When Cameron Dunlap was working his first executive chef gig — running the kitchen at Northwest Portland gastropub 23Hoyt — he wanted to design some recipes that would be simple, easy to nail, and good for chefs just starting out in his kitchen. So he came up with the idea for a compound butter to serve with brunch carbs like biscuits or pancakes: a combination of the two quintessential waffle toppings, butter and maple syrup. Thus began the reign of Dunlap’s salted maple butter, which has traveled with him from restaurant to restaurant. “I look for recipes that are easy to train, easy to replicate,” he says. “We came up with it, it came out great, and it’s now something I can take up with me wherever I go.”

Compound butters, or butters given extra oomph via add-ins like herbs or spices, are already a foundation of countless restaurant menus: Cooks slather herb butters on whole chickens before they hit the oven, rib-eyes come topped with an ice-cream-like scoop of gorgonzola butter, baguettes get a swipe of garlic-parmesan butter to become garlic bread. But countless home cooks rely on the usual, plain stick in the butter dish, spread on a piece of boring morning toast. No one should live that way, especially when it is ridiculously easy to just make your own compound butters.

Dunlap’s salted maple butter is a great place to start: Combine one pound of room-temperature butter with a cup of real maple syrup (we like this bourbon-barrel-aged version), plus two teaspoons of Jacobsen flake salt. Throw it in a food processor or stand mixer for five minutes, and boom: salted maple butter. It lasts for at least a month in the fridge, though Dunlap says that it’s best spread (and eaten) at room temperature. Dollop it on waffles, serve it alongside buttermilk biscuits, spread it on the bread of a breakfast sandwich, or just use it to up your toast game.

This maple butter can be the entry point to other compound butters around the house: Swap maple syrup for pomegranate molasses or date syrup, add a little espelette or sumac, and then gently move into the world of savory butters, mixing in chopped leafy herbs, spices, or garlic.
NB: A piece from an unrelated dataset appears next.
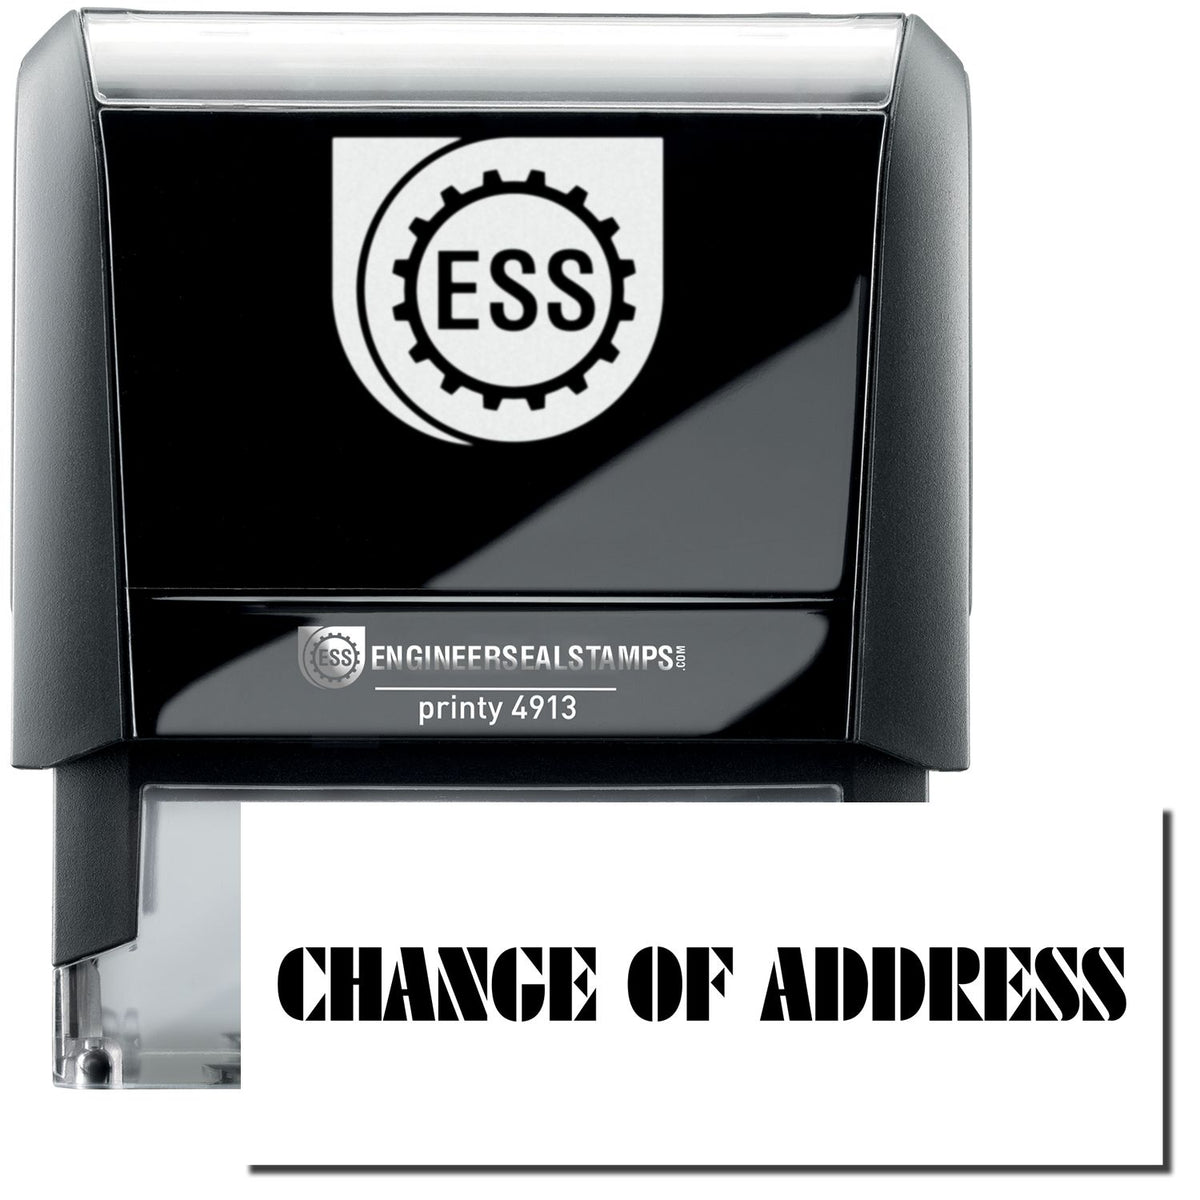 A self-inking stamp with a stamped image showing how the text &quot;CHANGE OF ADDRESS&quot; in a unique-looking large bold font is displayed by it.

Dunlap uses a number in the kitchen at his latest gig, running the Fireside, from a green castelvetrano olive compound butter for grilled bread or a garlic-gorgonzola butter for steaks. But the key throughlines in any recipe, according to Dunlap, is that room temperature butter, salt, and a little liquid. “I like to add enough liquid so the butter is thinned out,” Dunlap says. “It melts a lot easier than traditional butter.”

But beyond that, Dunlap says that this recipe is intentionally customizable. “You should taste a little bit, even if it’s just the butter, to make sure you can taste the salt and taste the maple syrup — some people would want a little more maple or a little more salt,” he says. “The correct amount of ingredients for everything is ‘until it tastes delicious.’”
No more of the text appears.